■ What the task asks:
Leaving all pictures aside, copy exactly the lines from the start of the listing below through the line that contains "Neue Justiz (NJ), Zeitschrift", and only those lines.

■ Supplied material:
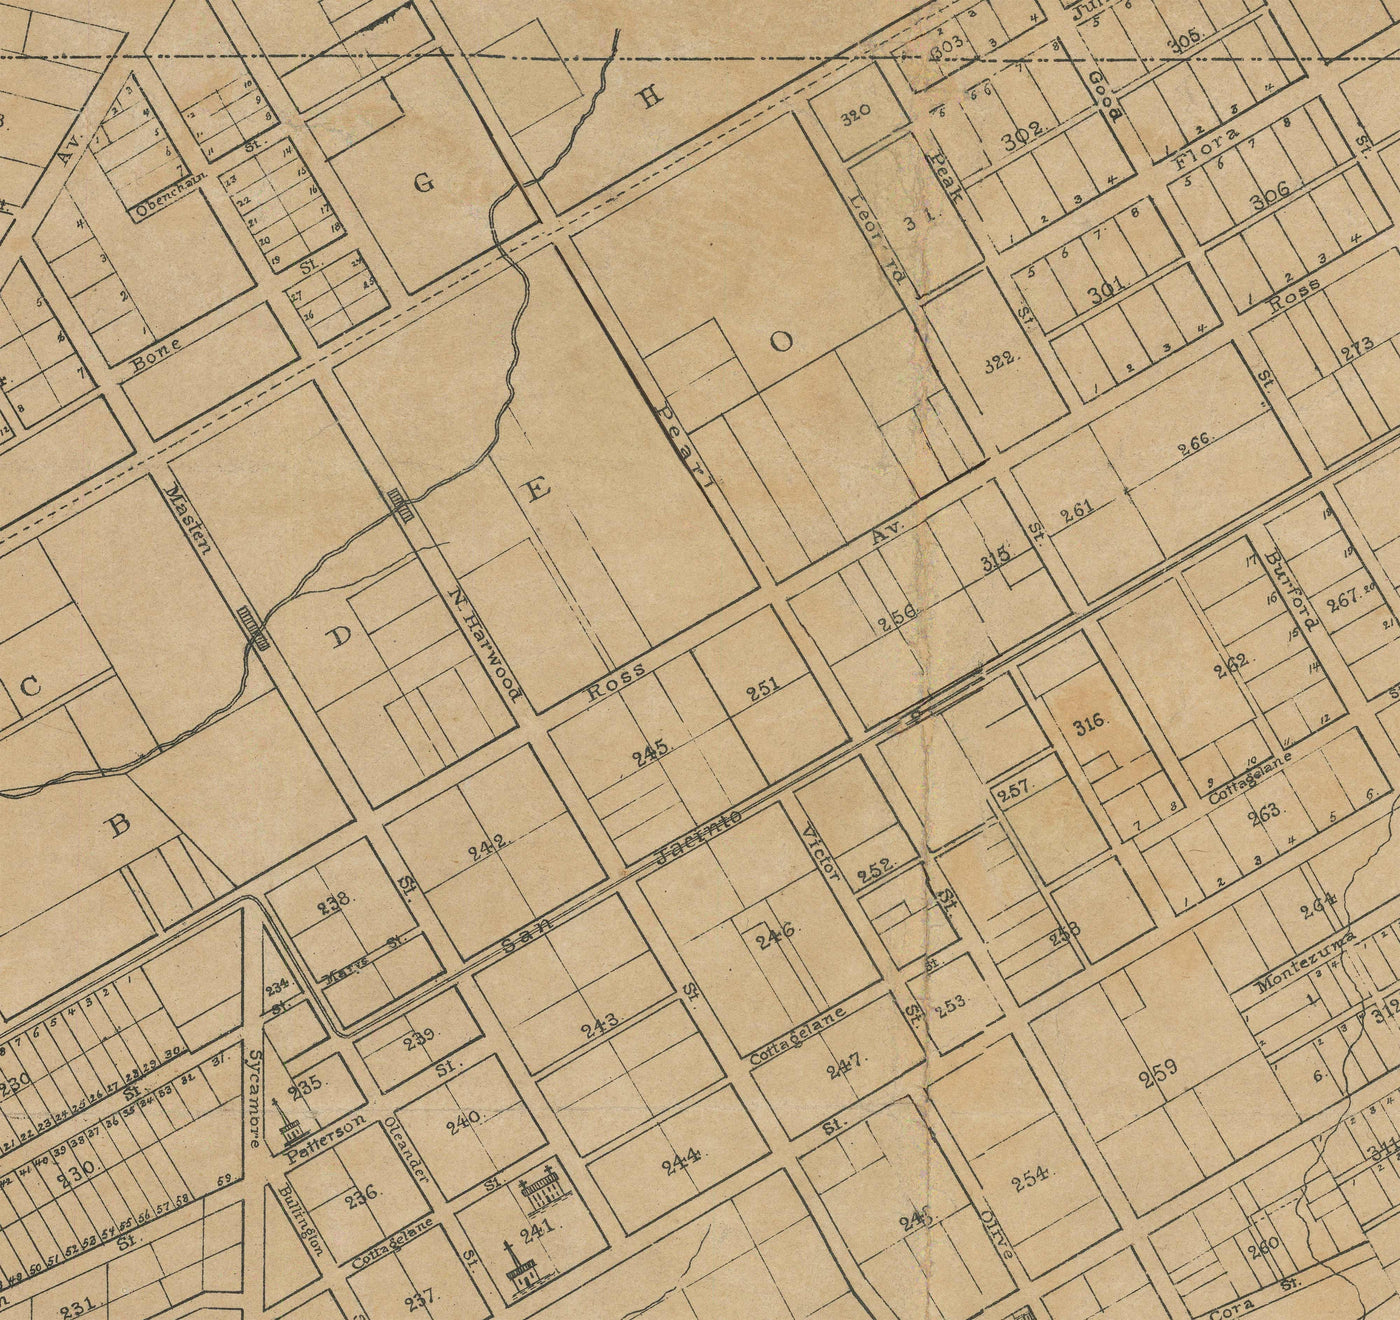 Alte Karte von Dallas, Texas 1878 von Jones & Murphy - Main St, Ellum, Downtown, Arts District, Bryan Place
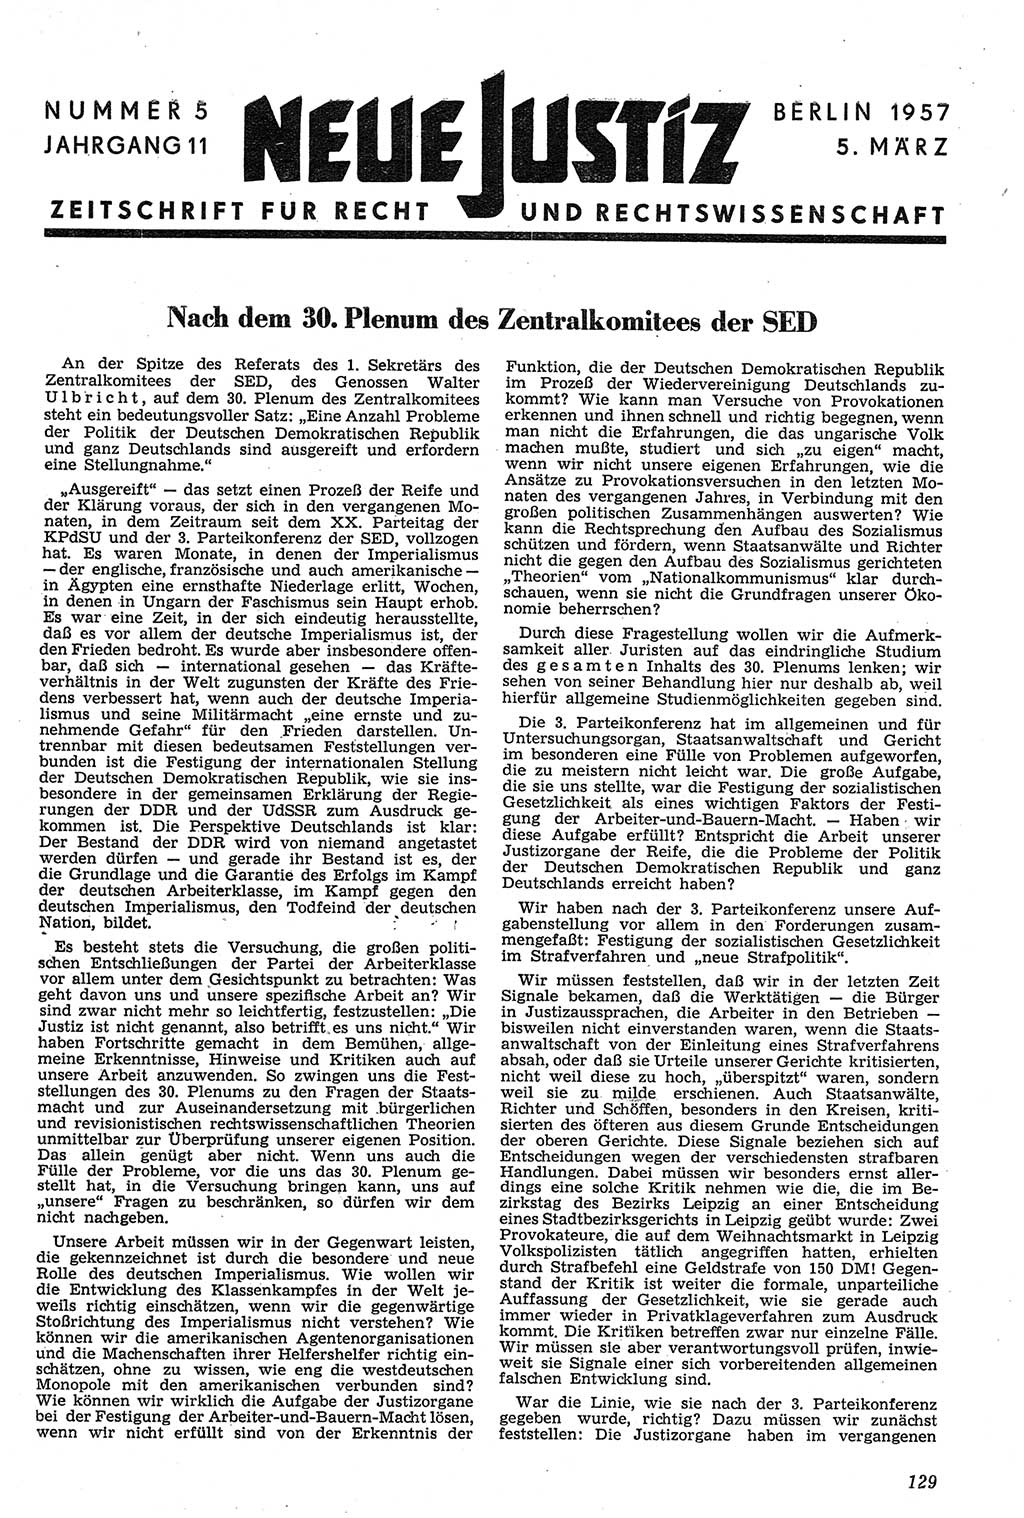 Neue Justiz (NJ), Zeitschrift für Recht und Rechtswissenschaft [Deutsche Demokratische Republik (DDR)], 11. Jahrgang 1957, Seite 129 (NJ DDR 1957, S. 129)
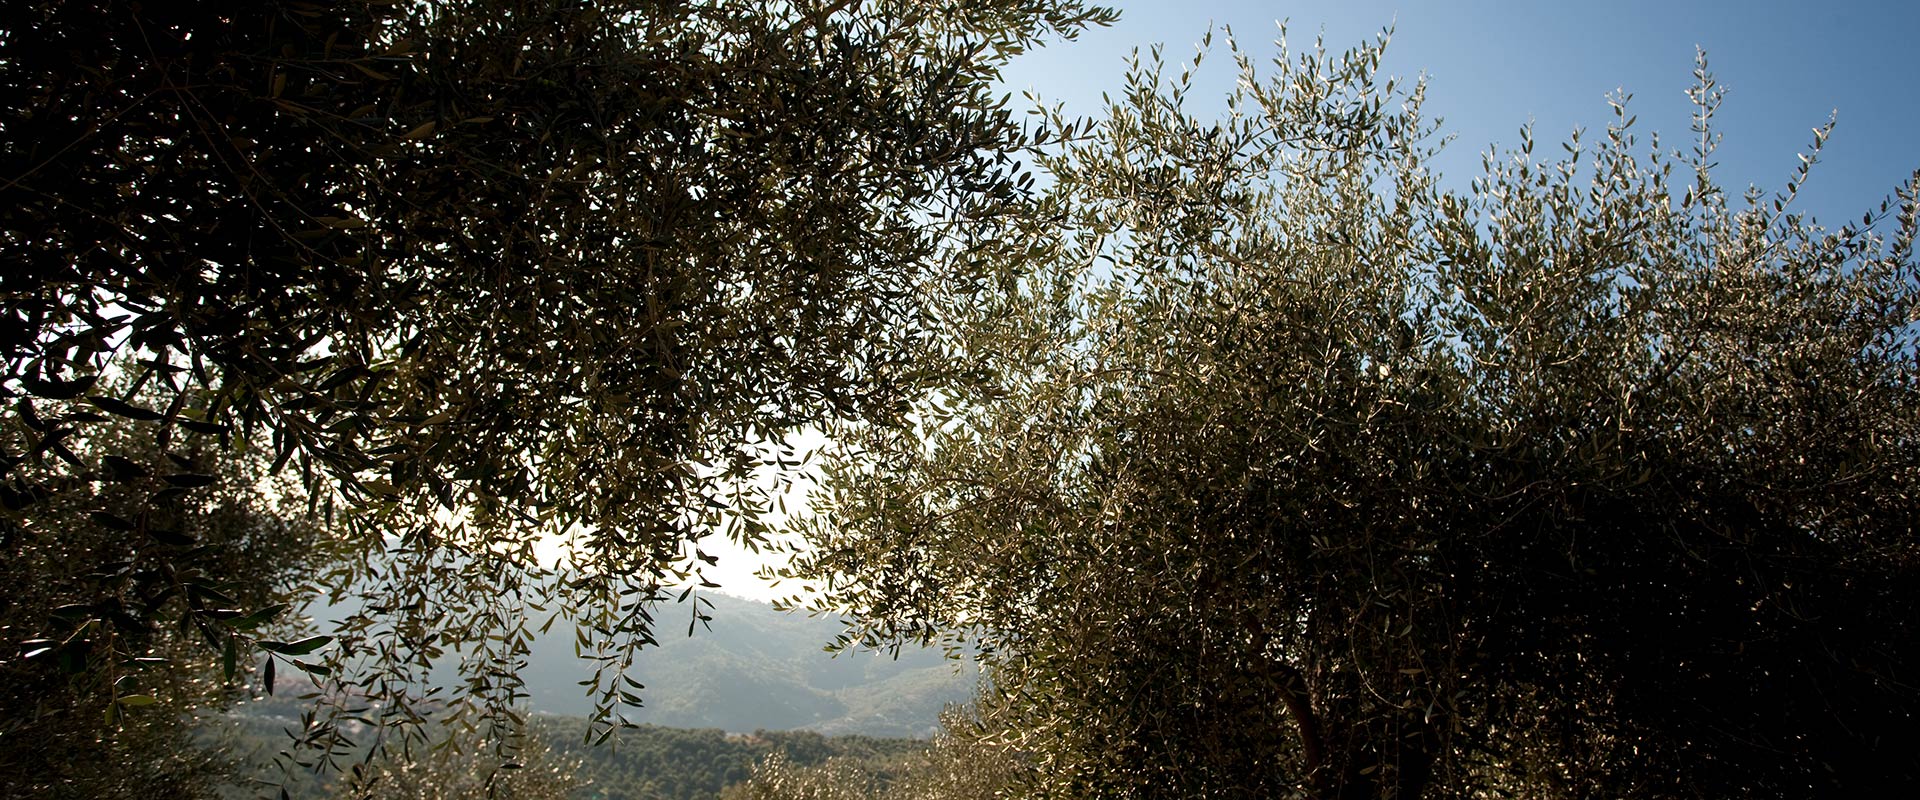 Eventi d'autunno: una camminata tra gli olivi

■ Solution for this problem:
 Alte Karte von Dallas, Texas 1878 von Jones & Murphy - Main St, Ellum, Downtown, Arts District, Bryan Place
 Neue Justiz (NJ), Zeitschrift für Recht und Rechtswissenschaft [Deutsche Demokratische Republik (DDR)], 11. Jahrgang 1957, Seite 129 (NJ DDR 1957, S. 129)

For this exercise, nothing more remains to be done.